W.r.t. this thread's "Subject", how do you fetch successive batches from a session duration cursor in successive requests from a browser when these go through a connection pool and the general philosophy is "check out connection, use it, release connection" so that successive browser requests will each use a different session? You refer to this with your « transaction level connection pooling won’t work with WITH HOLD cursors, since they are bound to the database connection ». (In this context, your point about showing an approximate result is well-taken.) Does anybody use interactive client-server apps these days? Or are you thinking of non-interactive report generation running on a client machine dedicated to that purpose?

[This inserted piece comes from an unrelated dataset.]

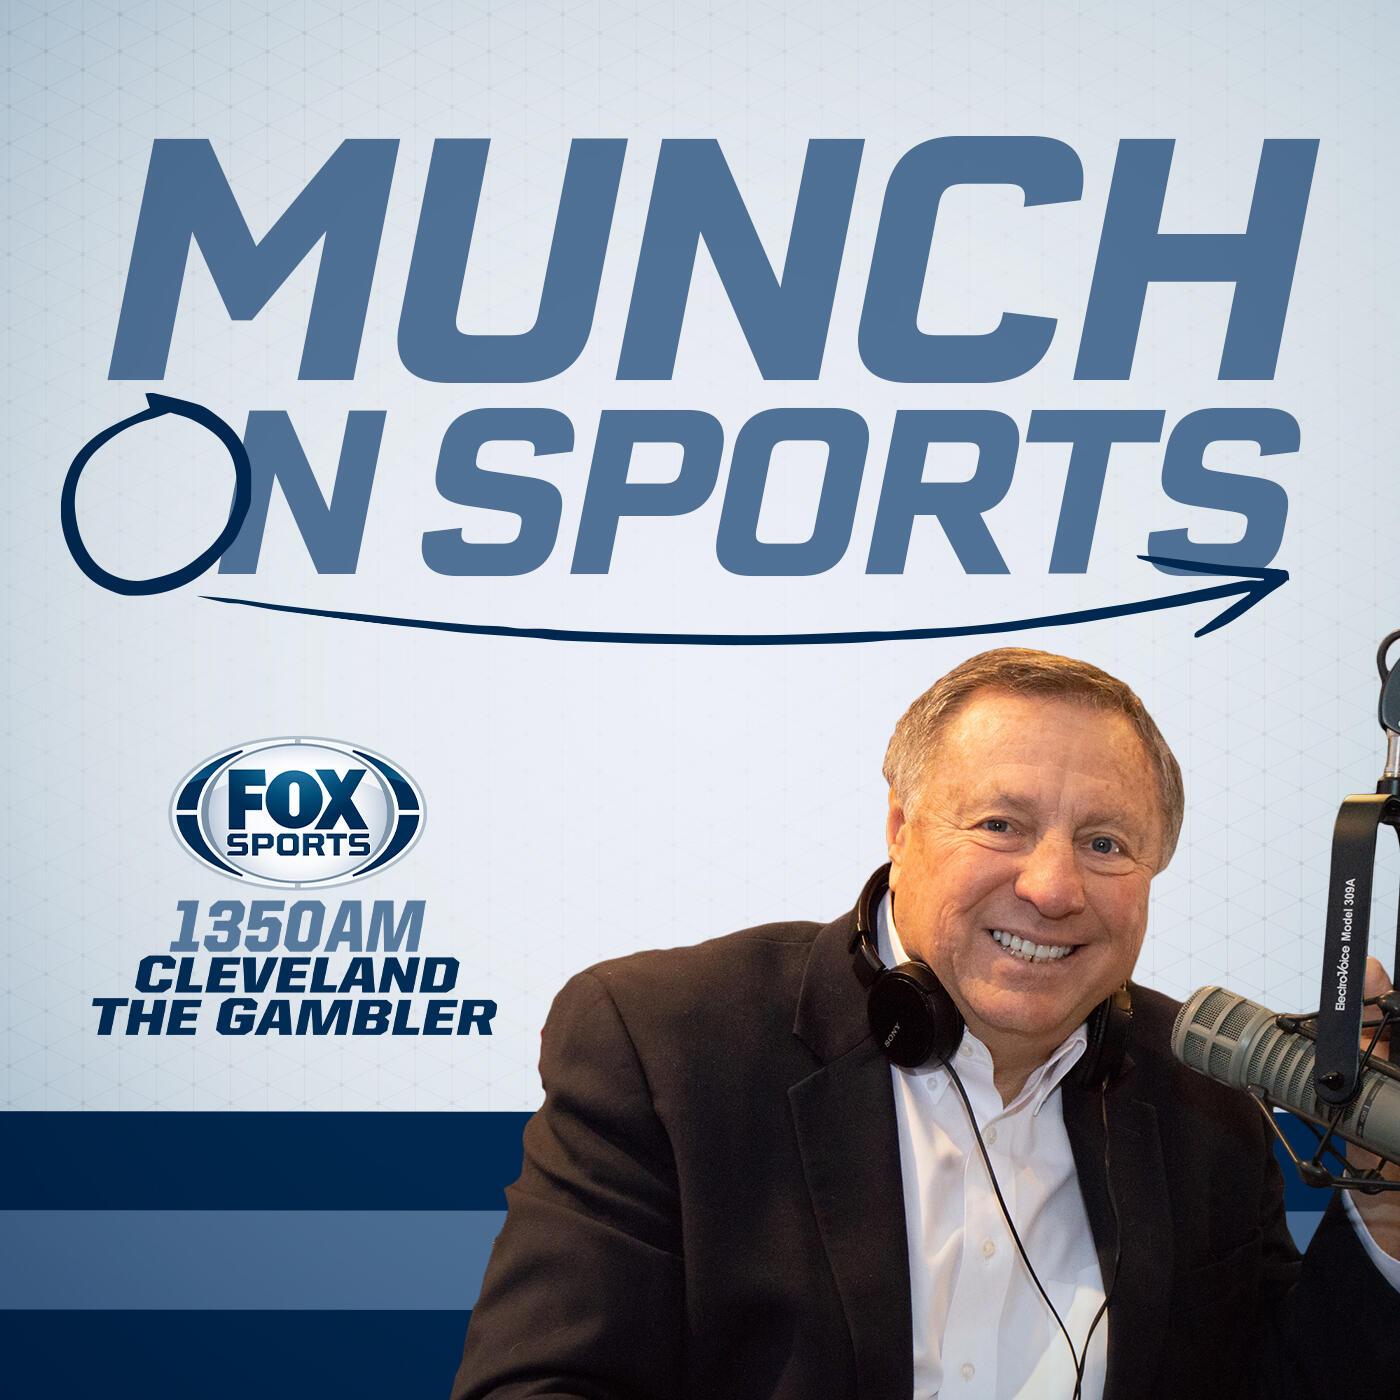 Munch On Sports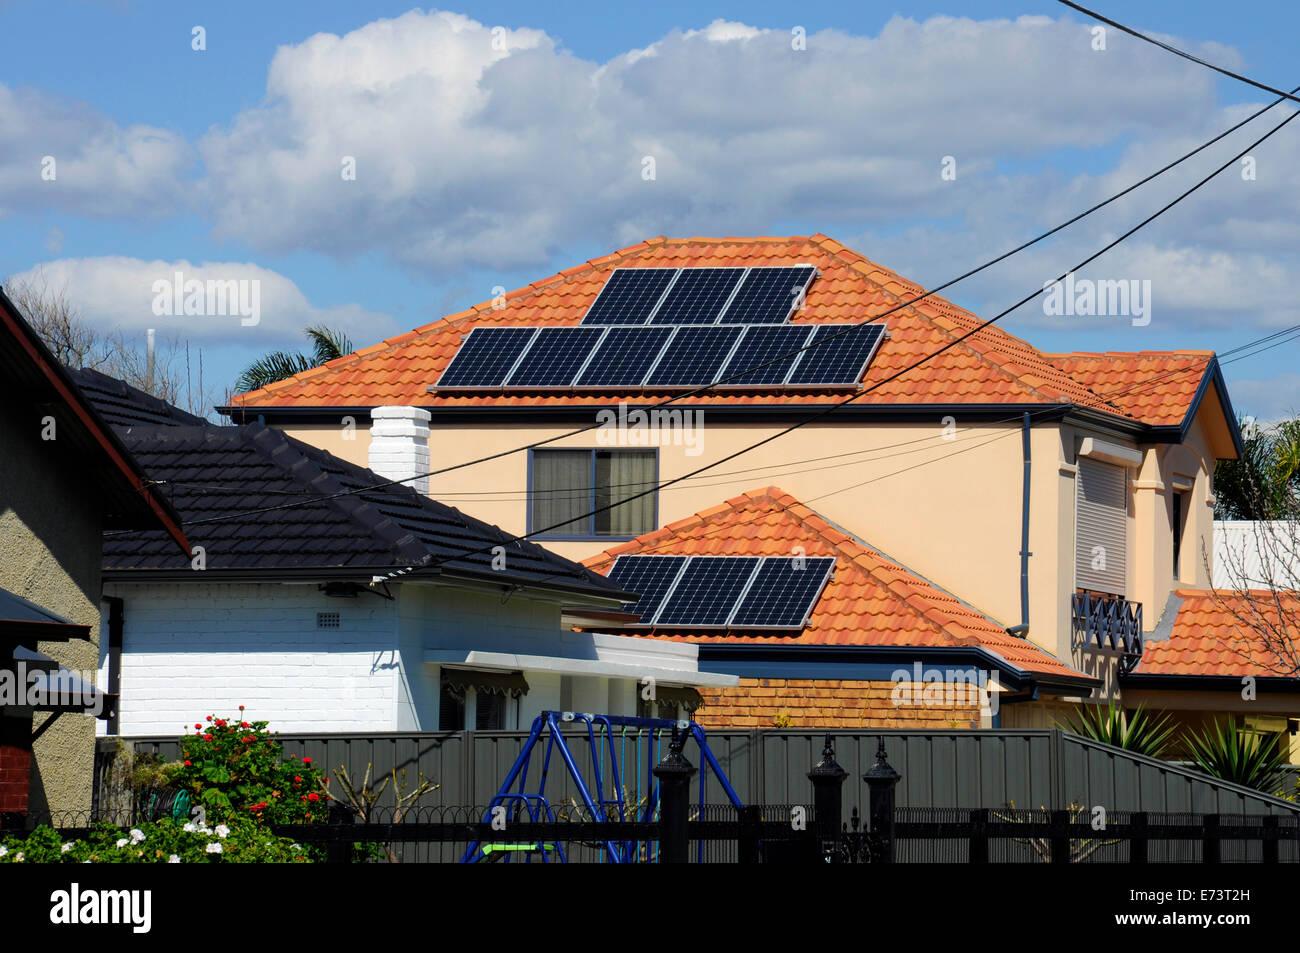 Australian photovoltaic solar power panels on suburban house roof top. - Stock Image

W.r.t. your « With WITH HOLD cursor pagination, the whole result set is calculated in the beginning, so the result set count comes for free. », I timed this:

-- Took ~ 6.5 sec.  (Doesn't speed up with repeats.)
do $body$
declare
  cur constant refcursor not null := 'With Hold';
  n integer not null := 0;
begin
  move absolute 0 in cur;
  move forward all in cur;
  get diagnostics n = row_count;
  move absolute 0 in cur;
  raise info 'row_count: %', n;
end;
$body$;

And this:

-- Took ~6 sec. Speeds up to ~3 sec with repeats.
select count(*) from s.t;

I don't s'pose that what I saw about "count(*)" getting quicker with repeats matters 'cos you'd do it only once. But I remain to be convinced that there's a performance benefit to be got from "comes for free". On the other hand, I do see that (in the face of concurrent DML to the table of interest from other sessions, there's a clear semantic benefit when you get the count from a "with hold" cursor. This would matter in a use case like the migration one that you showed me where you didn't have the luxury of reading from staging tables in single-user mode.